- Education: Johns Hopkins University, Franklin and Marshall College
- Scientific career
- Workplaces: Arnold and Mabel Beckman Foundation, United States Department of Homeland Security
- Academic advisors: Christopher S. Chen, Daniel Reich

= Anne Hultgren =

American chemist

Anne Hultgren was the Branch Chief for research and development in the Chemical and Biological Defense Division of the Science and Technology Directorate of the United States Department of Homeland Security. She worked in the department from 2005 to 2015. There she helped to develop and test the "Detect-to-Protect" biological detection program. As of February 2015 she became the executive director of the Arnold and Mabel Beckman Foundation.

==Education==
Hultgren received a B.A. in Physics and Mathematics from Franklin and Marshall College in 1999. She received her Masters of Arts (2002) and Ph.D. in physics (2005) from Johns Hopkins University, where she worked with Daniel Reich and Christopher S. Chen on Cellular manipulation and patterning using ferromagnetic nanowires.

==Career==
Hultgren joined the Department of Homeland Security in February 2005. She has worked as a technical advisor, program manager, and branch chief. Hultgren was in charge of technology development relating to chemical and biological defense capabilities. These included development of sensors, decontamination methods, and novel assay designs. Her job was to help to "prepare for, respond to, and recover from a possible domestic biological attack".

In the "Detect-to-Protect" biological detection program, Hultgren helped to develop sensors capable of detecting air-borne biological materials, and field tested them in the Boston subway system. Field testing occurred in 2009 and in 2012. Hultgren sprayed dead Bacillus subtilis, a common, non-toxic, food-grade bacterium, in subway tunnels. Working with Massachusetts Bay Transportation Authority, the Massachusetts Department of Public Health, and local public health officials, scientists monitored the dispersion and detection of the bacterium at Davis, Harvard, and Porter stations. The team's goal was to improve the effectiveness of its sensors as a possible early warning system for biological threats. Rather than collecting air filters daily and taking them to a lab for examination, installed sensors continuously monitored air quality by measuring polymerase chain reaction. "Trigger" sensors were installed to establish the usual background levels of biological material, and "confirmers" were tripped when expected levels were exceeded. Thirty minutes after release, a "confirmer" at a station a mile away detected the airborne bacterium. The combination of on site "trigger" and "confirmer" sensors was intended to minimize the occurrence of false alarms, which were a source of complaints with earlier systems.

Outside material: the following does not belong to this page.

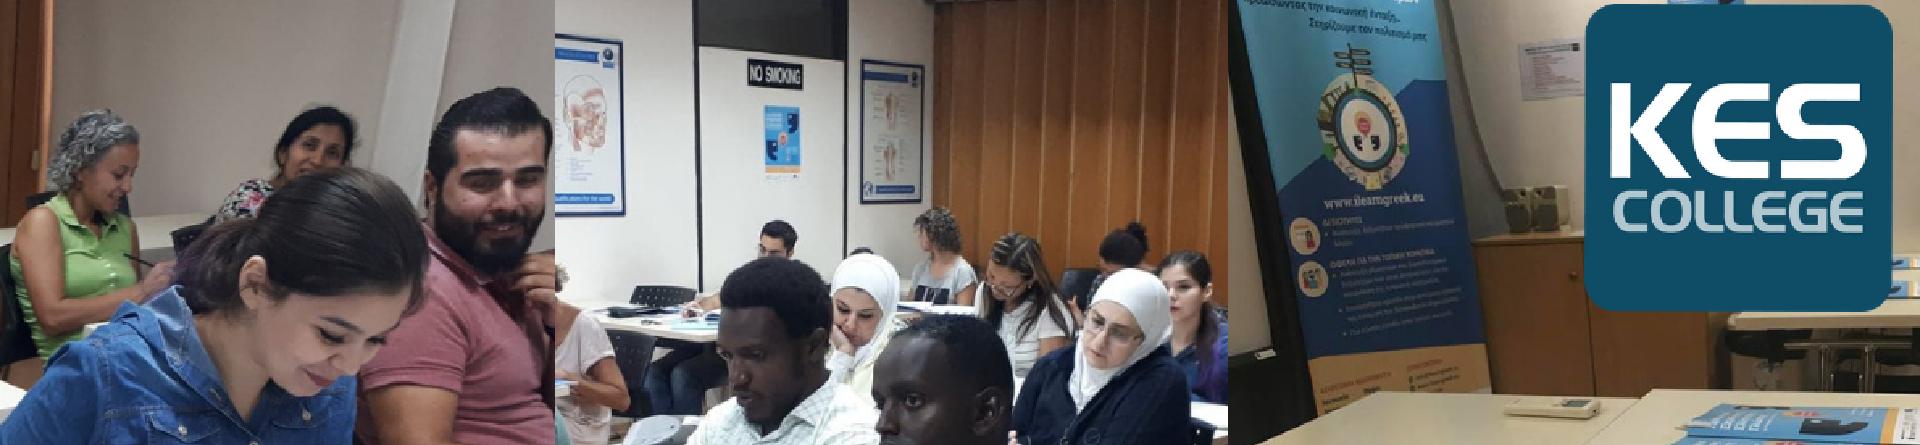 Επανέναρξη μαθημάτων «Δωρεάν Εκμάθηση Ελληνικής Γλώσσας σε Υπηκόους Τρίτων Χωρών»
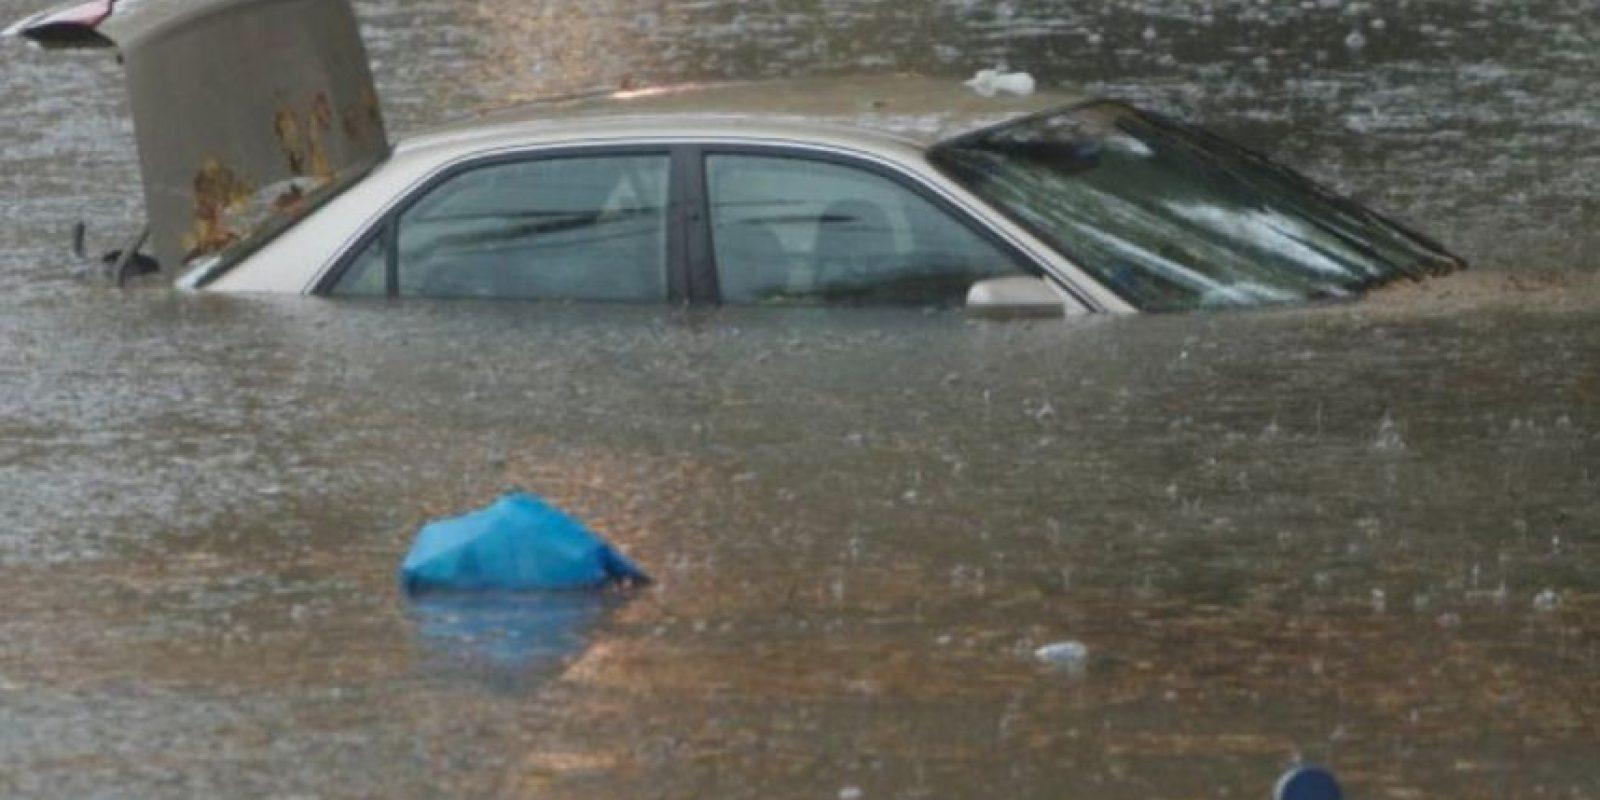 Una pareja británica estacionó su auto cerca de un río, mientras se divertían en la parte trasera este resbaló causando la muerte de ambos. Foto:Sliive

Hultgren was one of the invited speakers at the 2014 hearings in Washington, D.C., to review the BioWatch program and the effectiveness of PCR-based detection assays used by the United States Post Office.

She was also the program manager in charge of assessing needs and operating procedures for the First Responder Biodetection Technology Report and survey, and developing the Biodetection Guide for First Responders mobile app, released January 8, 2015. Their goal is to ensure that first responders have the up-to-date information that they need.